J Pediatr Gastroenterol Nutr. 2011 Jul;53(1):61-4.

phase II randomized, investigator-blinded, parallel-group pilot study

16 infants with CF and PI, 6 to 30 months of age

The study design included a run-in period (days 1-5) and an experimental period (days 6-11). Pancrelipase microtablets (2-mm, enteric coated) were provided orally. 500 U lipase/kg/meal for 5 days (baseline period). Subsequently, subjects were randomly assigned to 1 of 4 treatment groups (each n = 4), receiving 500, 1000, 1500, or 2000 U (Ph. EUR) of lipase/kg/meal, respectively, for 5 days (experimental period).

The primary endpoint was medication efficacy assessed by the 72-hour fecal fat excretion, expressed as coefficient of fecal fat absorption (CFA), and 13C mixed triglyceride breath test. Secondary endpoints were safety and palatability.

Overall compliance, defined as used study medication, was 89% to 99% for the entire study. None of the 4 dose regimens significantly influenced the CFA, relative to the baseline period (median range 83%-93%). During the run-in period the median cumulative % 13C was 11 (range -8 to 59). After randomization the median cumulative % 13C was 18 (range 14-23) in the 500-U, 14 (range -1 to 17) in the 1000-U, 10 (range 10-27) in the 1500-U, and 3 (range 1-49) in the 2000-U groups. Palatability was scored fair to good by the parents in each of the treatment groups. Gastrointestinal symptoms were reported in some patients, including common adverse events reported in clinical trials involving pancreatic enzyme therapy. No serious or other adverse events were reported.
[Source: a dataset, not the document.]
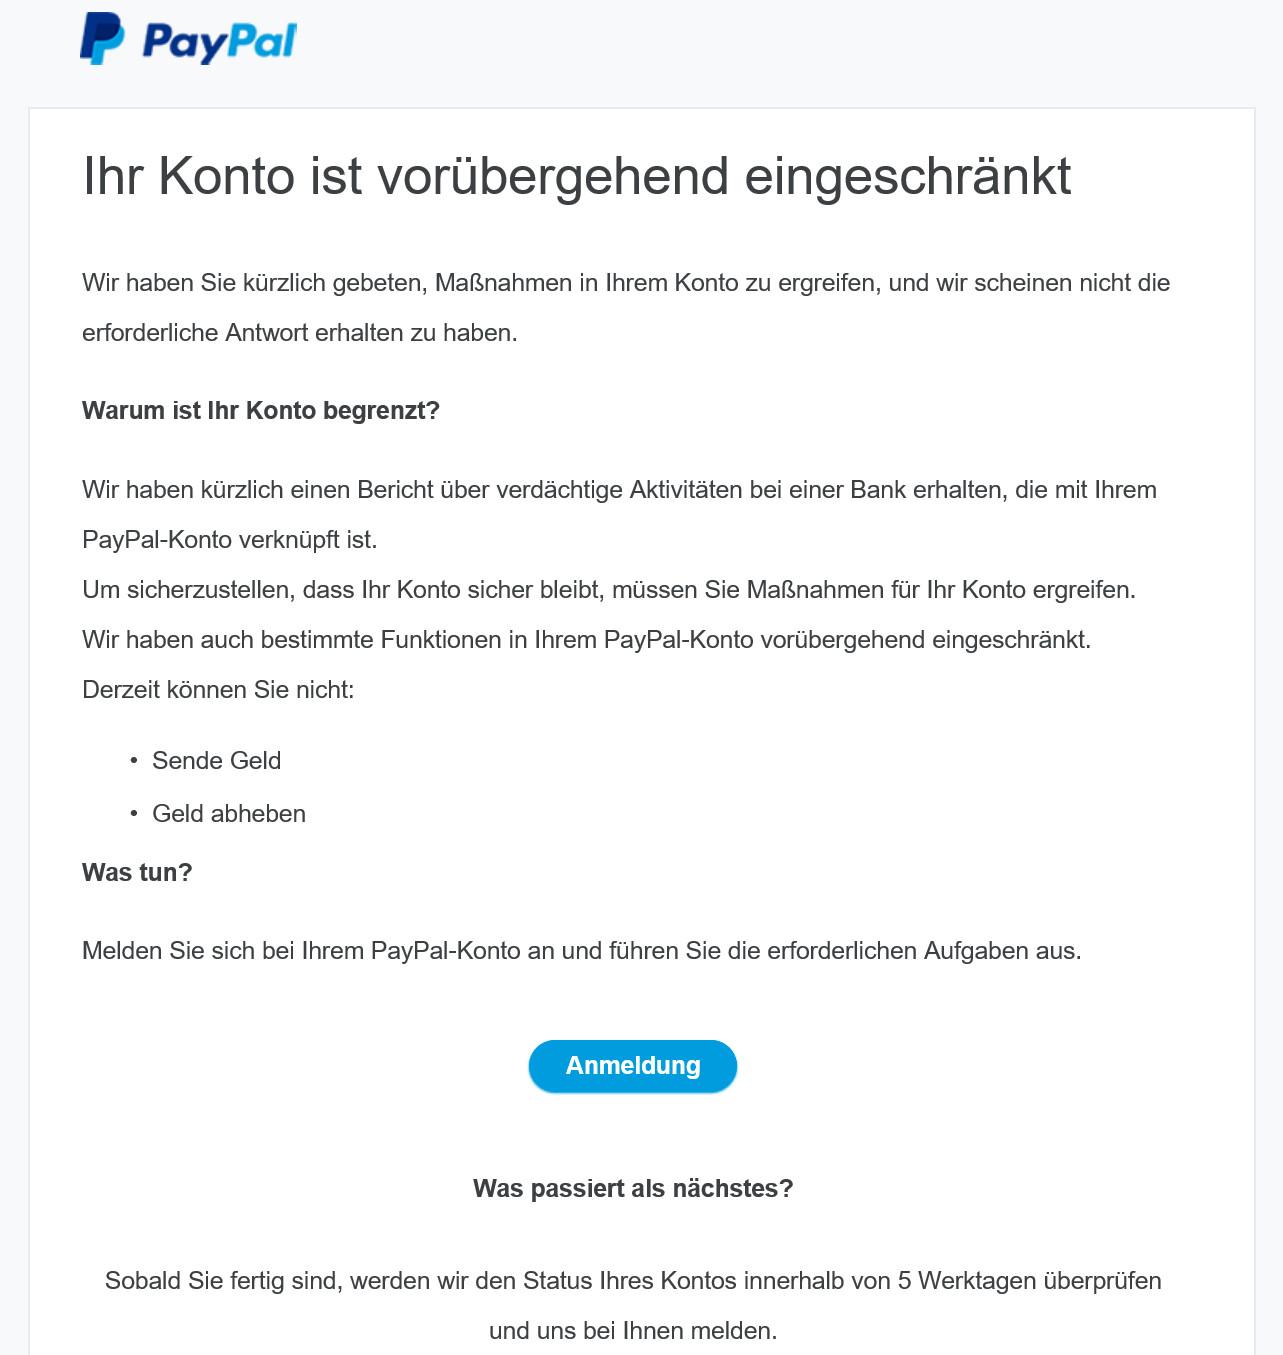 Paypal-Konto ist vorübergehend eingeschränkt

Treatment with Pancrease MT at a dosage of 500 U lipase/kg/meal resulted in a CFA of approximately 89% in pediatric subjects ages 6 to 30 months with PI resulting from CF. Pancrease MT doses were well tolerated and mean palatability was scored as fair to good. Present results do not indicate that a dosage higher than 500 U (Ph. EUR) lipase/kg/meal increases the coefficient of fat absorption in a cohort of infants 6 to 30 months of age.